# Favourite Knock Box?



## Pan (Oct 20, 2010)

I need to get a knock-box before the wife notices the dents in the edge of the nice St/steel Brabantia bin, and wondered what everyone else out there is using?

I've noticed the cheaper Grindenstein ones come up first in a Google search, but I don't think repeated shock loadings through the ABS sidewalls will give it much longevity.

I also think I might prefer a bin type rather than a drawer type, but completely open to suggestions and recommendations.

Peter


----------



## vintagecigarman (Aug 10, 2009)

How hard are you knocking? ;>)))

I've had a Grindenstein, and your worries about its longevity are needless! Remember that you are hitting on a cushioned rail, not the ABS plastic walls (which are very sturdy in any case). If I remember correctly, the rail cushions itself against the holes in the walls as well to prevent shock transfer.They are very well made, look good, and can even be popped in the dishwasher. I can totally recommend them.
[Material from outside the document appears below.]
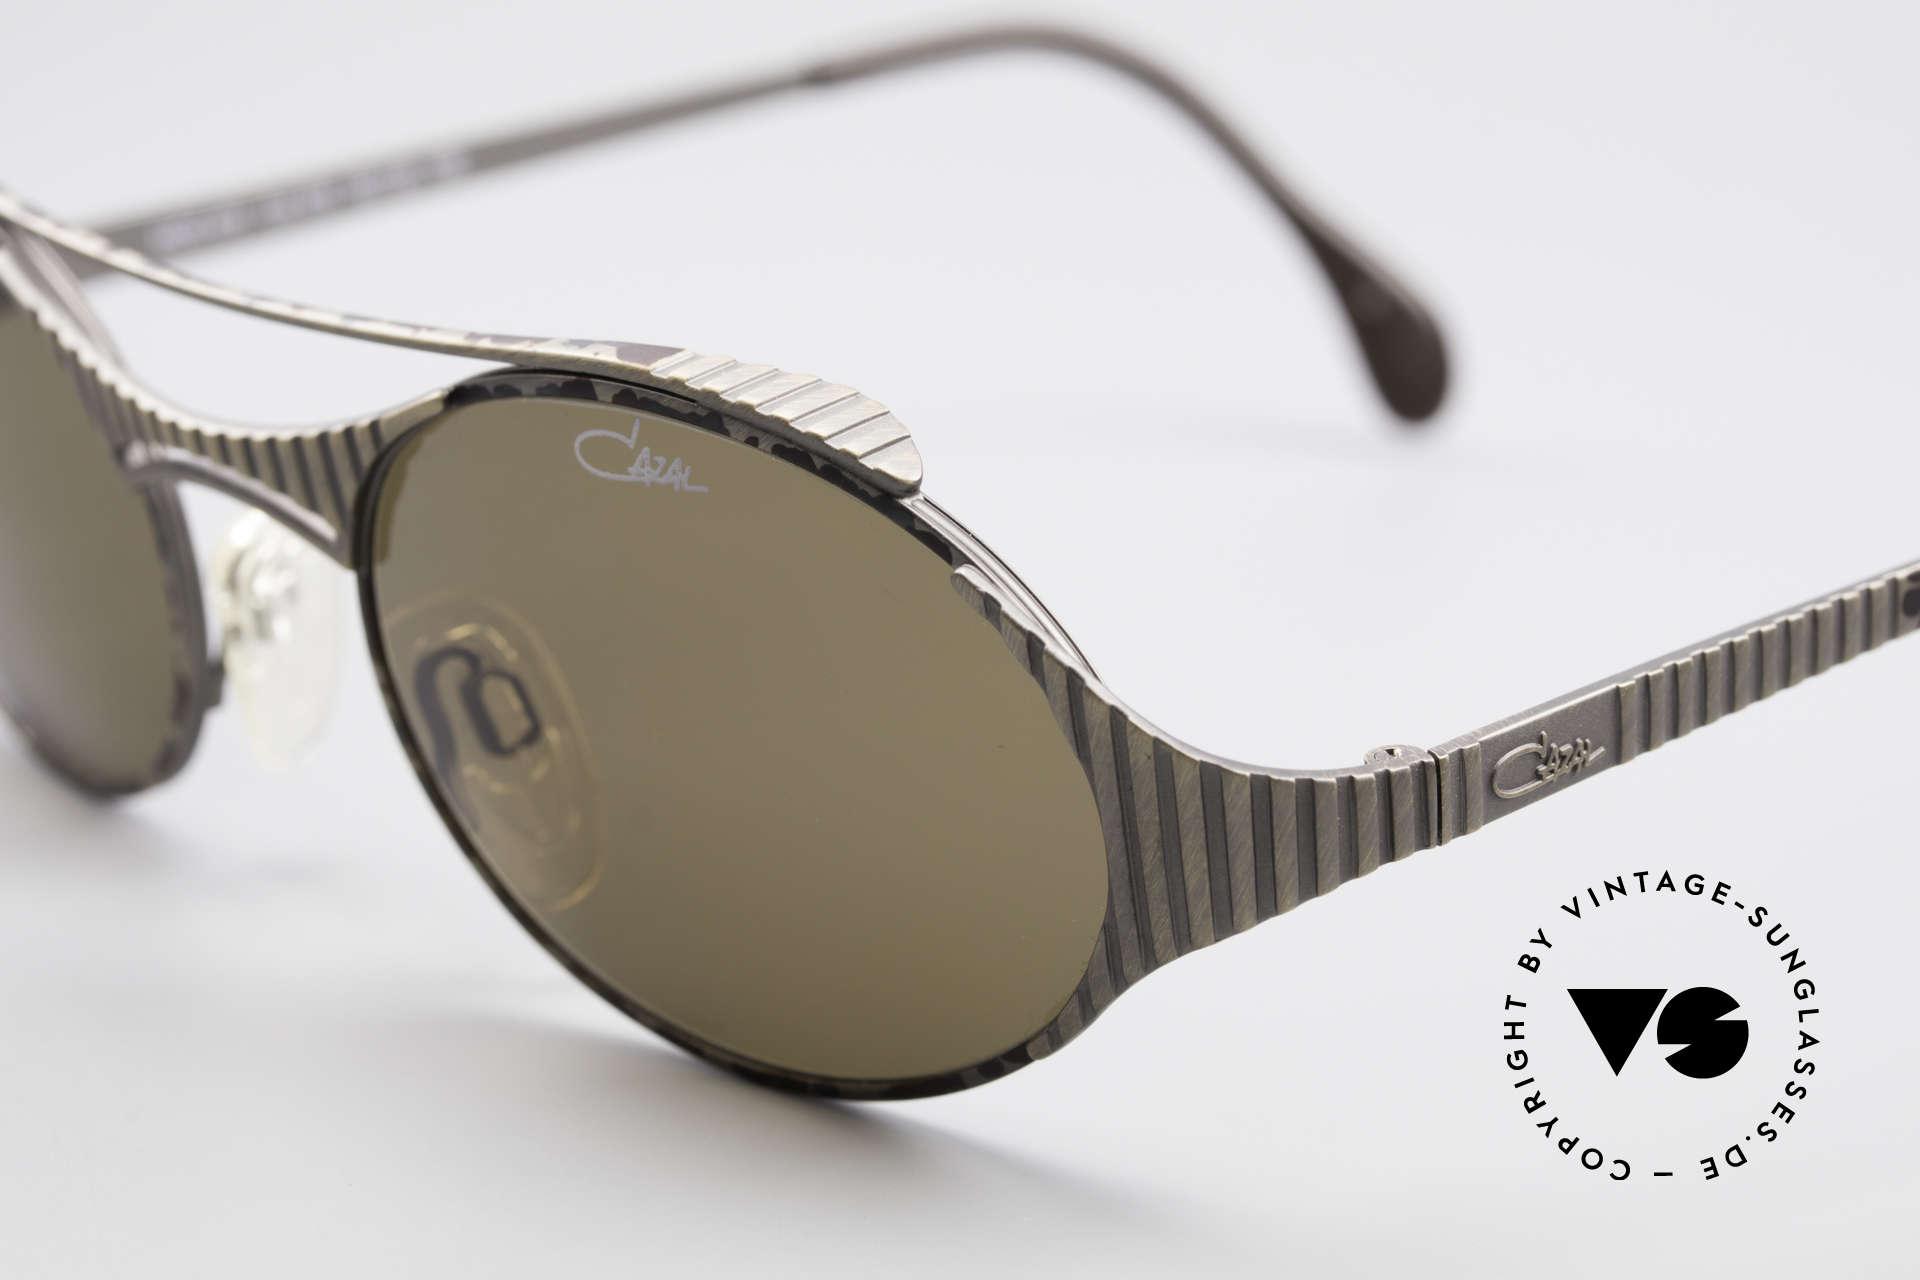 Cazal 978 Vintage Designer Sonnenbrille, ungetragen (wie alle unsere vintage CAZAL Brillen), Passend für Herren und Damen

I moved mine on when I bought a Motta stainless steel knock box - principally because it matched the polished finish of the rest of my kit, and, having used Motta jugs for ages, knew that it would be a quality item. Again, a product I can whloeheartedly recommend.


----------



## Pan (Oct 20, 2010)

Good enough recommendation for me, so I'll give it a try.









It's (a little bit) funny though - I've been in the plastics industry all my life, as apprentice/technician/designer/technical manager/director, and I still approach many plastic products with caution


----------



## vintagecigarman (Aug 10, 2009)

Actually, I can see a Grindenstein looking good against your Spaz - I'll be very surprised if you aren't delighted with it.
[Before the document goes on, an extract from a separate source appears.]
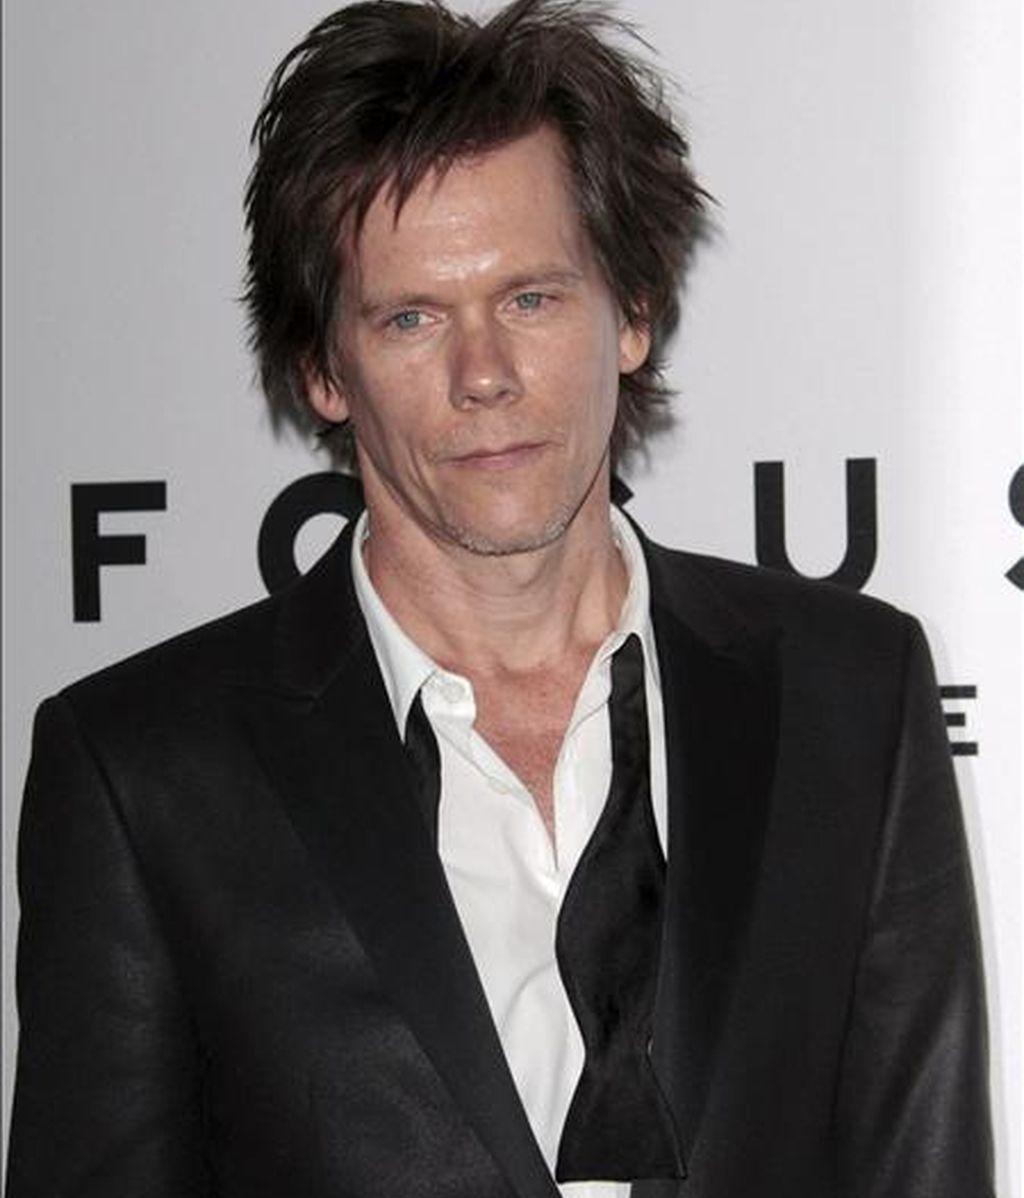 """Kevin Bacon se pondrá a las órdenes del director Matthew Vaughn para protagonizar una de las precuelas de la historia de los """"X-Men"""", """"X-Men: First Class"""", que se rodará en los próximos meses con la idea de estrenarse en junio de 2011. EFE/Archivo"""

(PS: Voucher arrived safely, thanks. - will let you know when I've got a date sorted out)


----------



## Pan (Oct 20, 2010)

Went to buy the Grindenstein, clicked on the wrong Google link which took me here!

http://www.happydonkey.co.uk/knockboxreview.html

I blame it on being completely knackered after taking son to registration interview at University of Birmingham this morning, and Cambridge (Churchill College) this afternoon.

However, I liked the review so much I ended up buying it.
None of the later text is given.